→ GOAL OF THE EXERCISE: Reproduce the listing below word for word, with no pictures.

→ THE DATA:
=-=-=-=-=

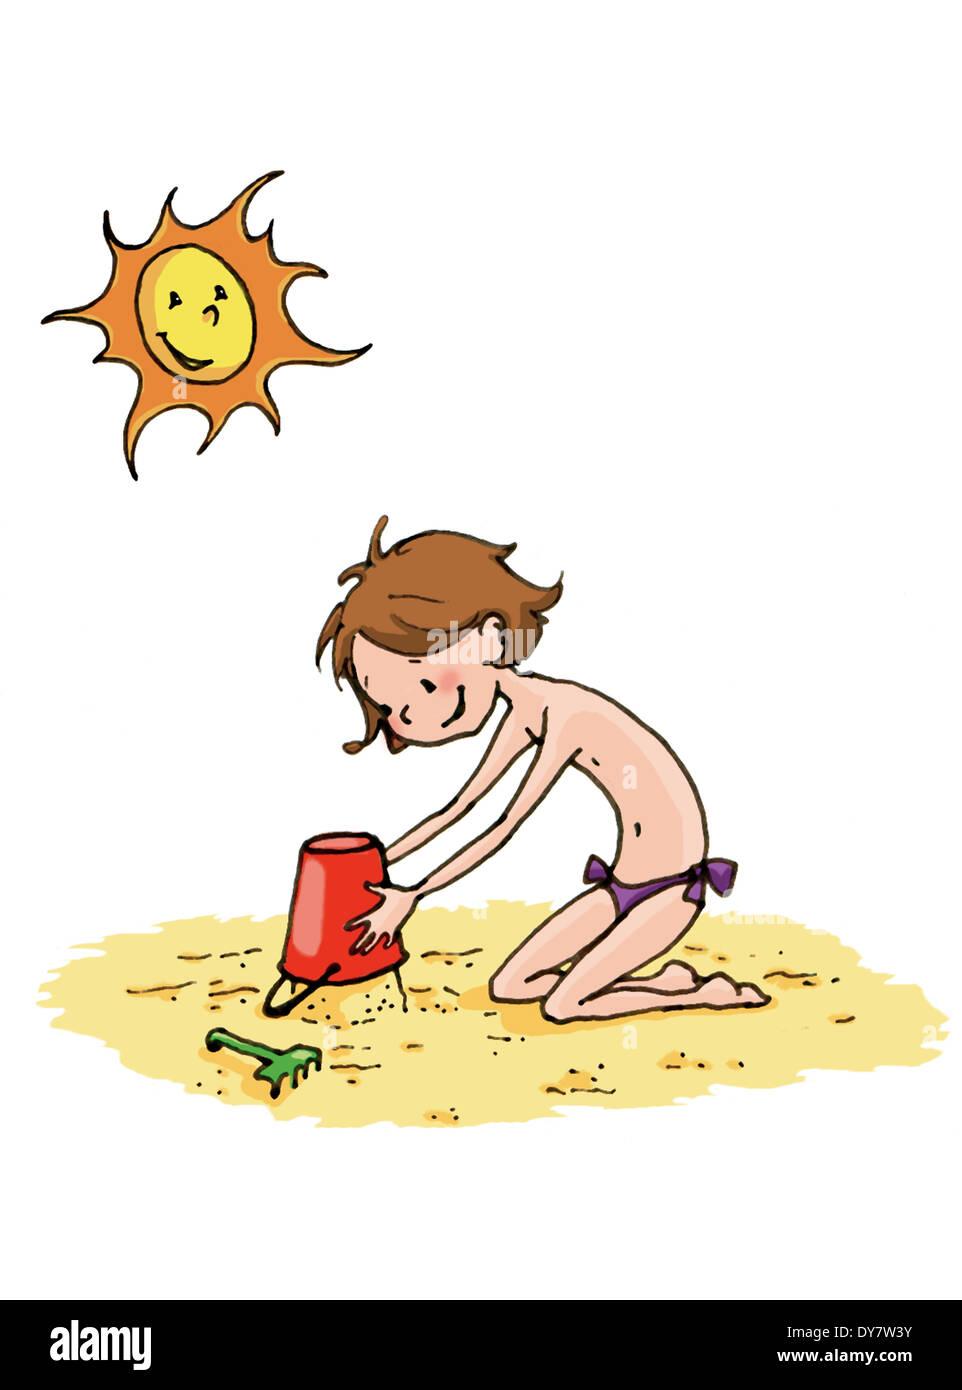 Sunburn - Stock Image
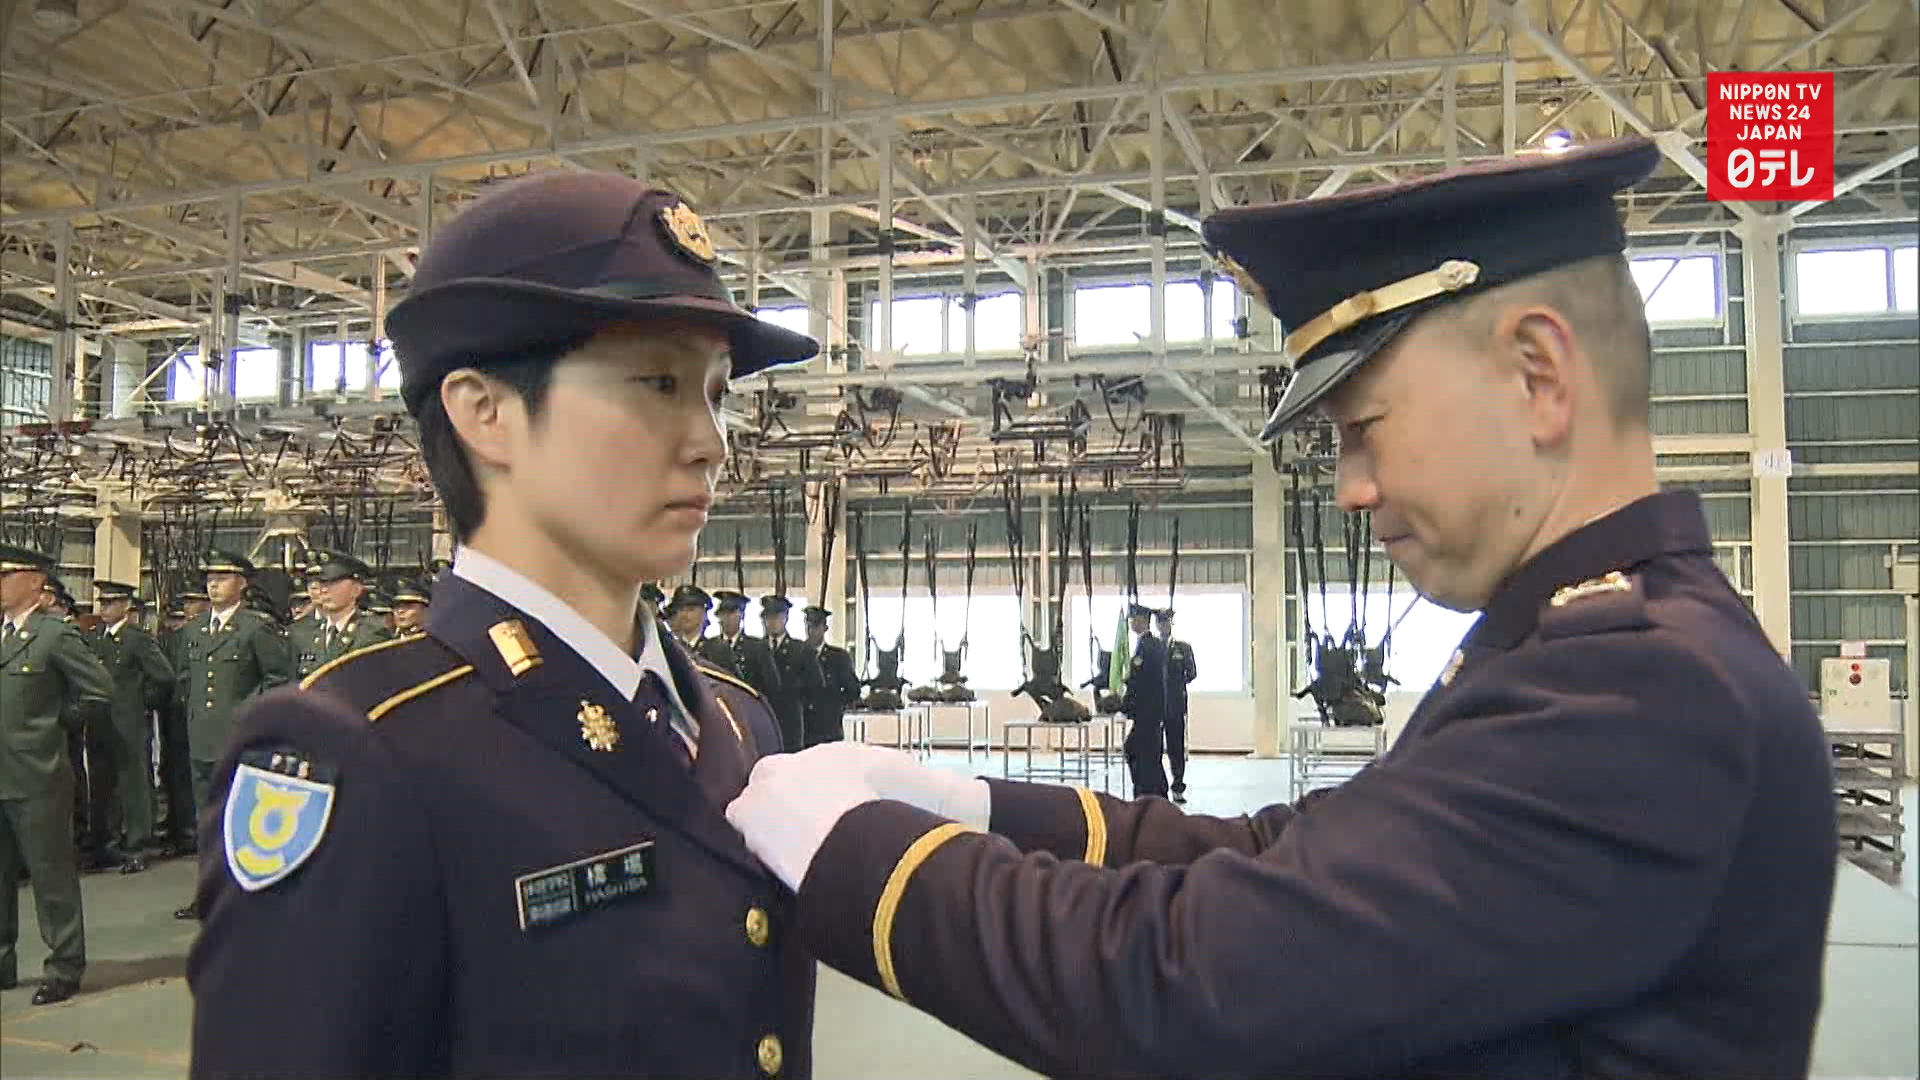 Japan's 1st female paratrooper
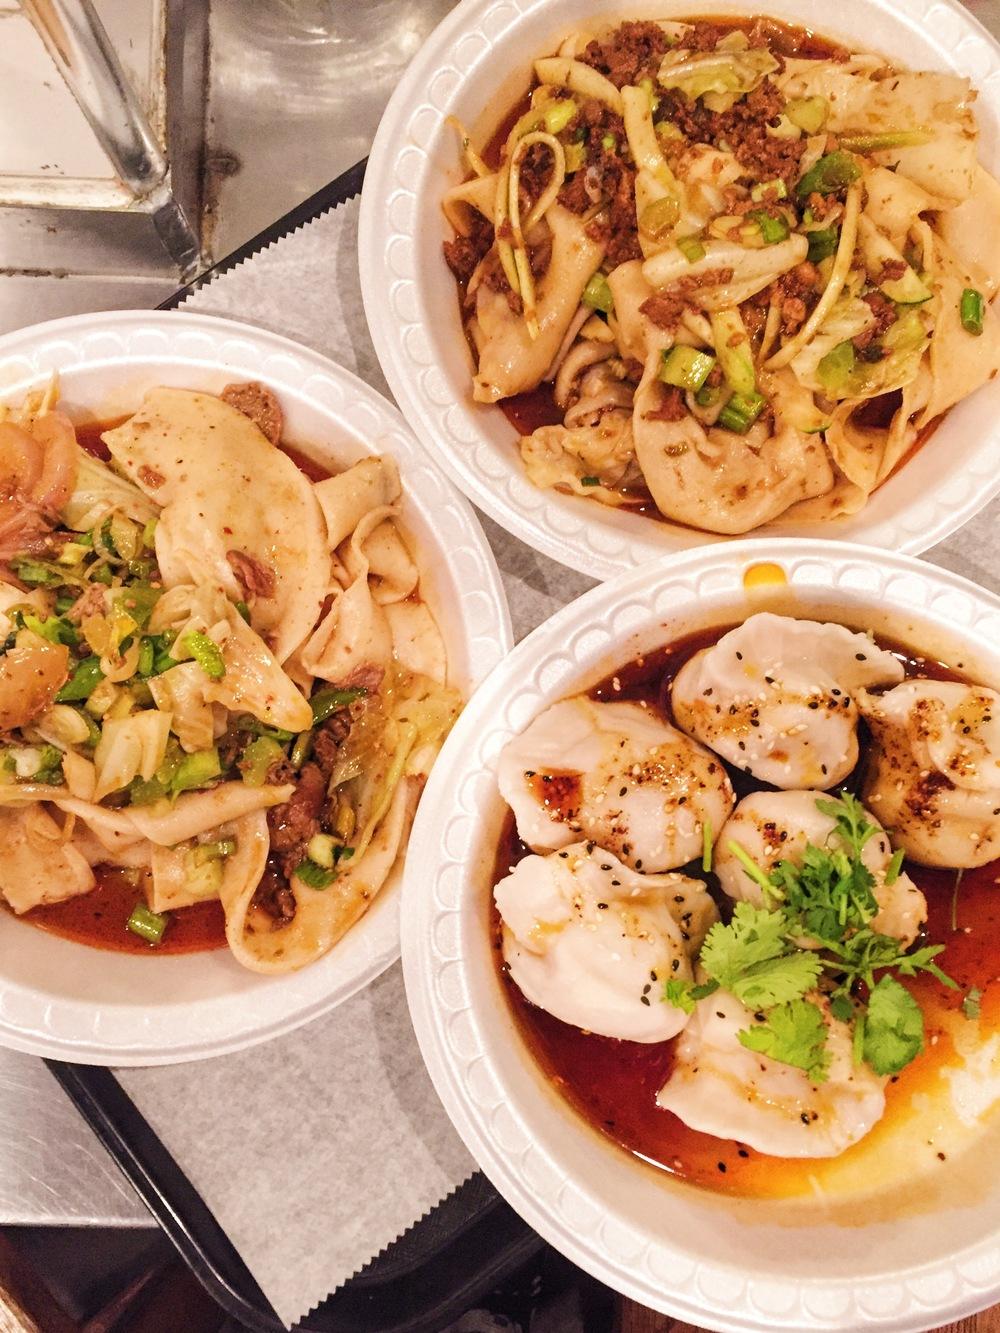 Spicy lamb noodles, spicy pork noodles, beef/pork dumplings at Xian's Famous Foods

=-=-=-=-=

→ THE COMPLETED TASK:
 Sunburn - Stock Image
 Japan's 1st female paratrooper
 Spicy lamb noodles, spicy pork noodles, beef/pork dumplings at Xian's Famous Foods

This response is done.